I built a general purpose basic ML library that creates a Neural Network (only DENSE layers), saves and loads the weights into a file, does forward propagation and training (optimization of weights and biases) using SGD. I tested the ML library with the XOR problem to make sure it worked fine. You can read the blog post for it here.

For the next challenge I am interested in reinforcement learning greatly inspired by Deep Mind’s astonishing feats of having their Alpha Go, Alpha Zero and Alpha Star programs learn (and be amazing at it) Go, Chess, Atari games and lately Starcraft; I set myself to the task of programming a neural network that will learn by itself how to play the ancient game of tic tac toe (or noughts and crosses).

How hard could it be?

Of course the first thing to do was to program the game itself, so I chose Python because I am learning it, so it gives me a good practice opportunity, and PyGame for the interface.
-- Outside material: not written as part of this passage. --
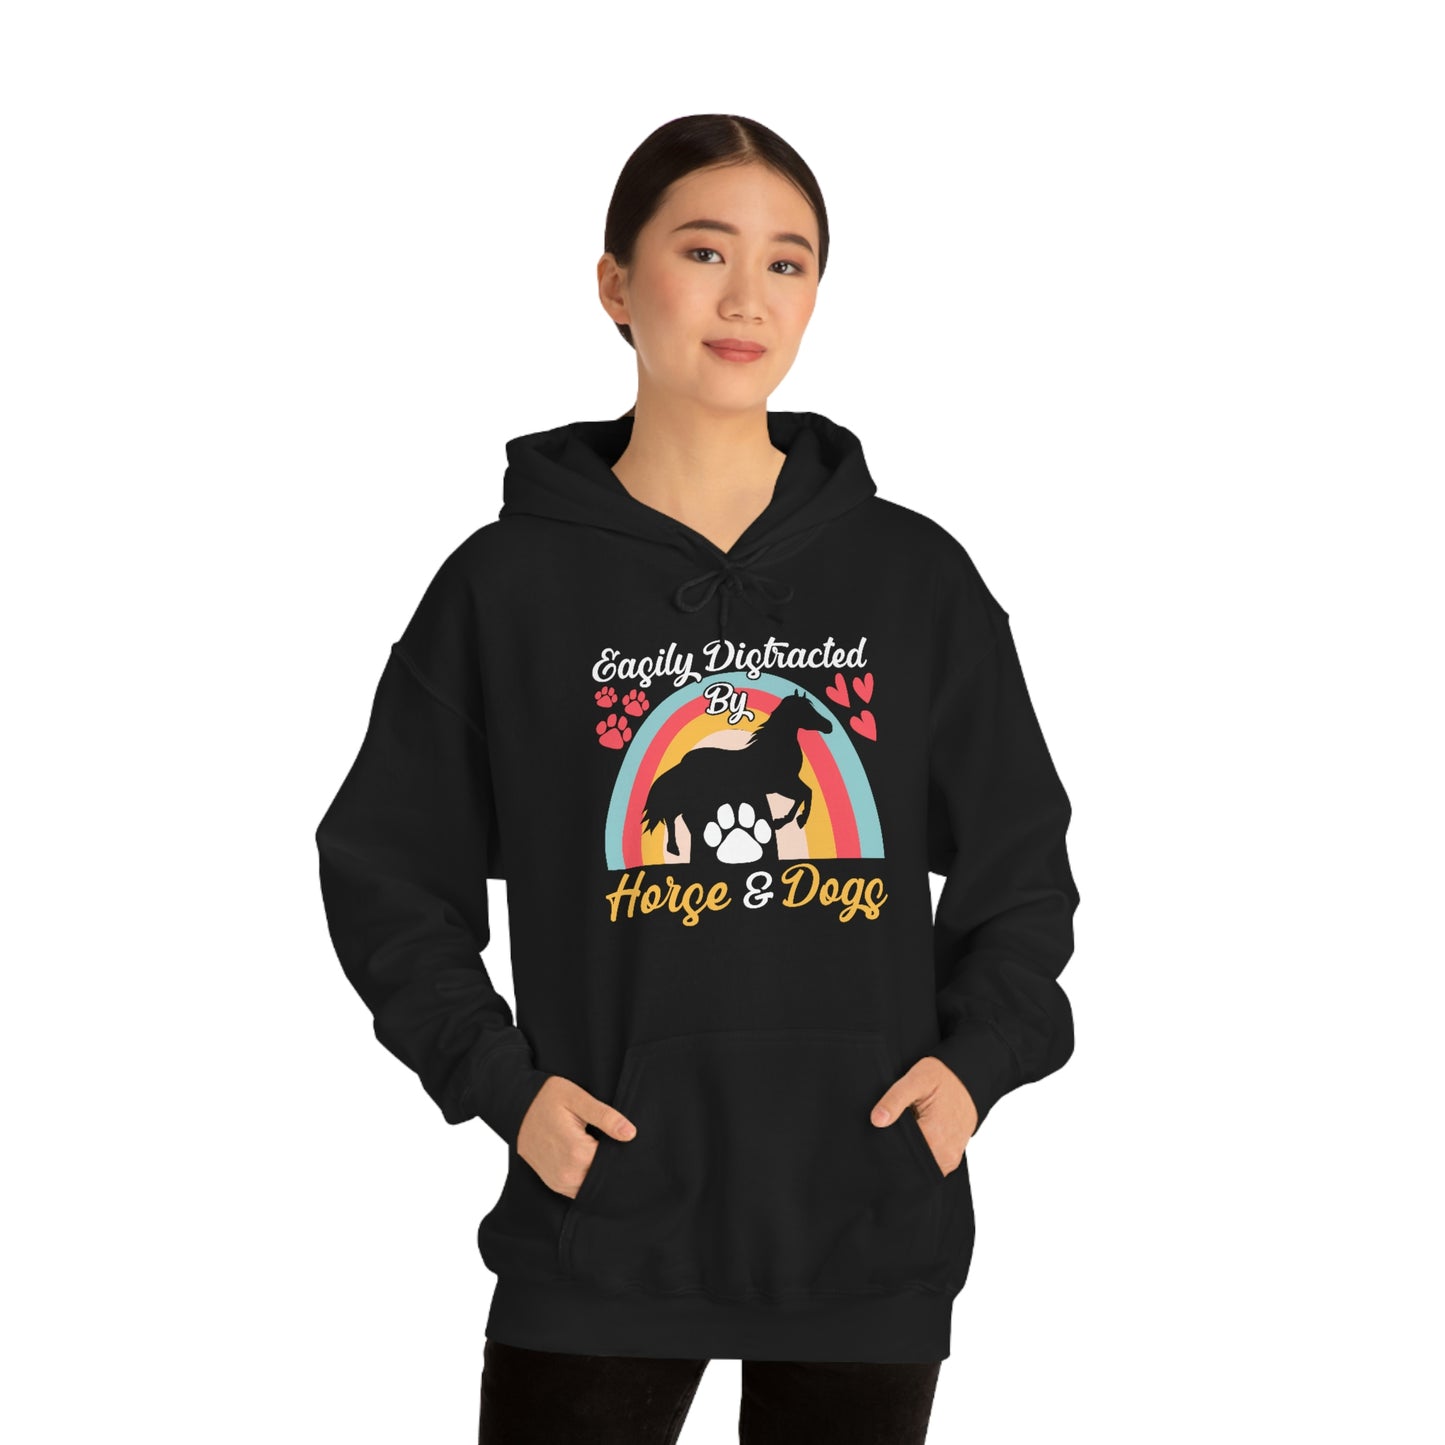 Easily Distracted by Horse & Dogs Heavy Blend™ Hooded Sweatshirt

Coding the game was quite straightforward, albeit for the hiccups of being my first PyGame and almost my first Python program ever. I created the game quite openly, in such a way that it can be played by two humans, by a human vs. an algorithmic AI, and a human vs. the neural network. And of course the neural network against a choice of 3 AI engines: random, minimax or hardcoded (an exercise I wanted to do since a long time).

While training, the visuals of the game can be disabled to make training much faster. Now, for the fun part, training the network, I followed Deep Mind’s own DQN recommendations:

  • The network will be an approximation for the Q value function or Bellman equation, meaning that the network will be trained to predict the "value" of each move available in a given game state.
  • A replay experience memory was implemented. This meant that the neural network will not be trained after each move. Each move will be recorded in a special "memory" alongside with the state of the board and the reward it received for taking such an action (move).
  • After the memory is sizable enough, batches of random experiences sampled from the replay memory are used for every training round
  • A secondary neural network (identical to the main one) is used to calculate part of the Q value function (Bellman equation), in particular the future Q values. And then it is updated with the main network's weights every n games. This is done so that we are not chasing a moving target.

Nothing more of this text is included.